The Islamic State has shown quite a knack for generating a stream of revenue from black market oil sales, ransoms from kidnappings, the ransacking of the region's archeological heritage, and wealthy Sunnis elsewhere in the region. In addition, it's been skilled at promoting its "brand" in other parts of the Greater Middle East and Africa, from Afghanistan to Libya, Yemen to Nigeria, where local populations are also facing shattered landscapes, failed states, oppressive governments, and desperation. Finally, thanks to the talents of its social media militants, it's shown a facility for attracting disaffected (and sometimes whacked-out) young Muslims from Europe and even the United States, as well as for inspiring "lone wolves" to acts meant to unnerve its enemies in Europe, the U.S., and elsewhere.
So give credit where it's due. Compared to a few training camps in Afghanistan -- the al-Qaeda model before 2001 (and again recently) -- this is no small thing. But the Islamic State should also be put in some perspective. It's not Nazi Germany. It's not the Soviet Union. It's not an existential threat to the United States. It's a distinctly self-limited movement, probably only capable of expanding its reach if even more of the region is laid to waste (as is, for instance, happening in Yemen right now, thanks in large part to a U.S.-backed Saudi war on the Iranian-inclined Houthi rebels).

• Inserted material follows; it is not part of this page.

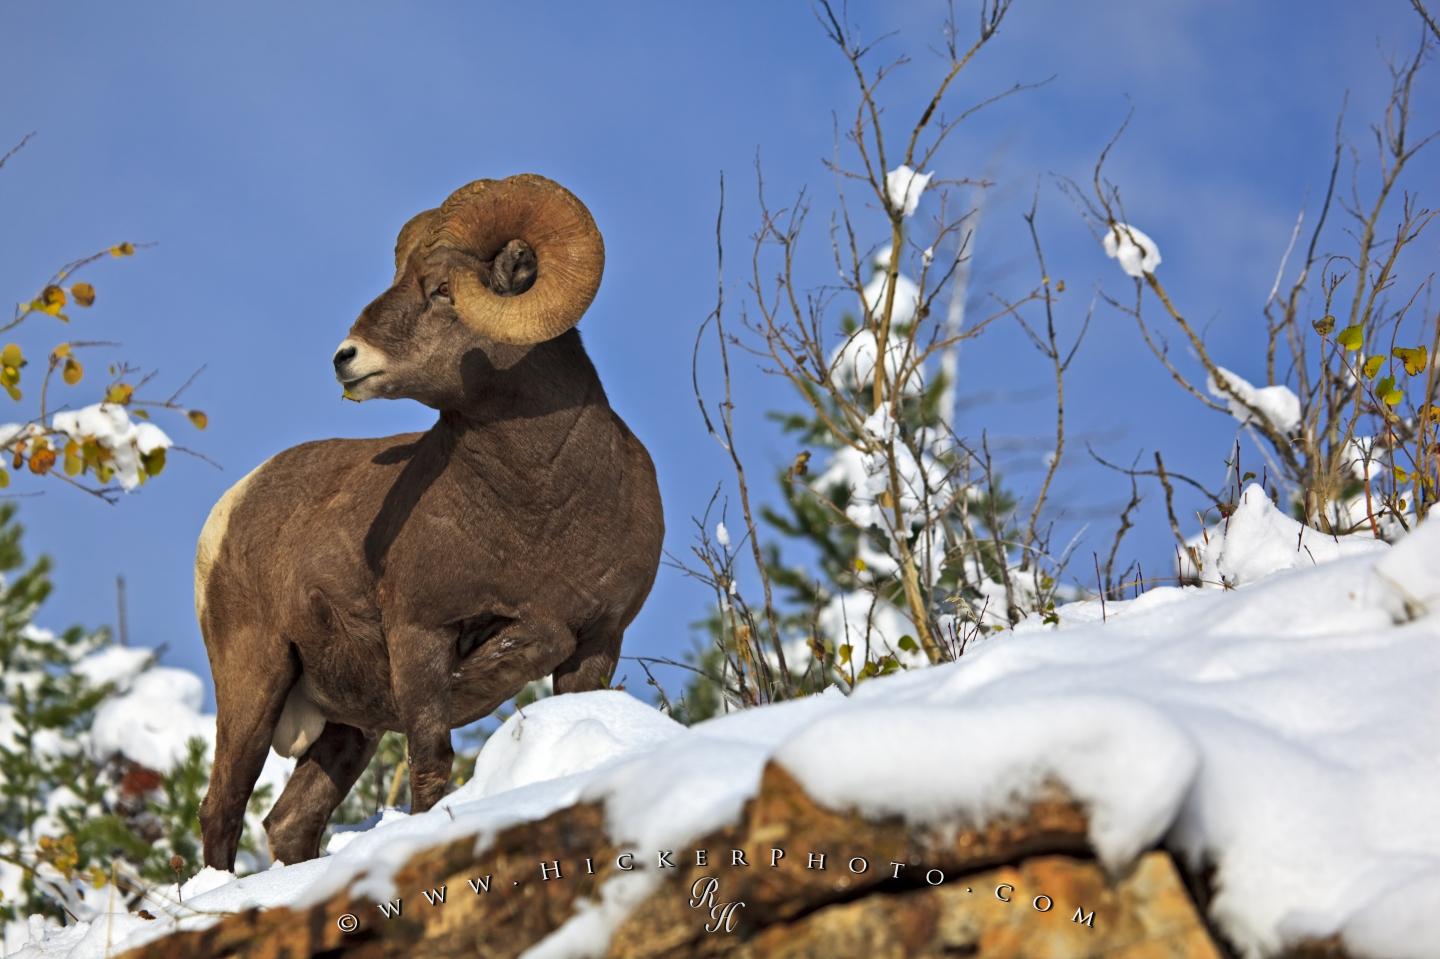 Puter Background This Bighorn Ram Looks Ever Alert As It

IS is so deeply sectarian that it can never gain the support of a single Shia, Christian, Alawite, or Yazidi. Its practices, religious and political, are too extreme for many of the Sunnis it might want to appeal to. It is also an embattled movement. It has already lost some of the lands it captured to U.S.-backed Kurds in both Syria and Iraq and to the U.S.-backed, U.S.-equipped, and U.S.-trained Iraqi Army as well as Shiite militias. Its extremity has clearly alienated some of the Sunnis under its control. It's unlikely to take seven decades, as in the case of the Soviet Union, to implode and disappear.
On the other hand, if the Islamic State, at least in its present form, is crushed or driven into some corner and the region is "liberated," one thing is guaranteed -- as images of the rubble and landscapes of skeletal buildings left behind at the "victorious" battle sites of Kobane, Sinjar, Homs, and Ramadi will tell you. Combine the massively bomb-laden, booby-trapped urban areas under Islamic State control, American air power (or, in parts of Syria, the barrel-bombing air force of the government of Bashar al-Assad and now the firepower of Russia), and fierce urban combat, and what may be left in the moment of "victory" could be a region in utter ruins. One expert suggests that it may take decades and cost $200 billion -- three times Syria's prewar gross domestic product -- to rebuild that country, bringing to mind the famed line from Tacitus: "They make a desert and call it peace."
And just remind me, who's going to help with the reconstruction of that shattered land? Donald Trump? Don't count on it. And don't for a second believe that from such devastated worlds nothing worse than the Islamic State can arise.
While we may be talking about a terror machine, IS represents a far more modest and embattled one than its social media propaganda would indicate. Its ability to threaten the U.S. bears little relation to the bogeyman version of it that at present occupies the American imagination. The sole advantage the Islamic State has when it comes to this country is that it turns out to be so easy to spook us.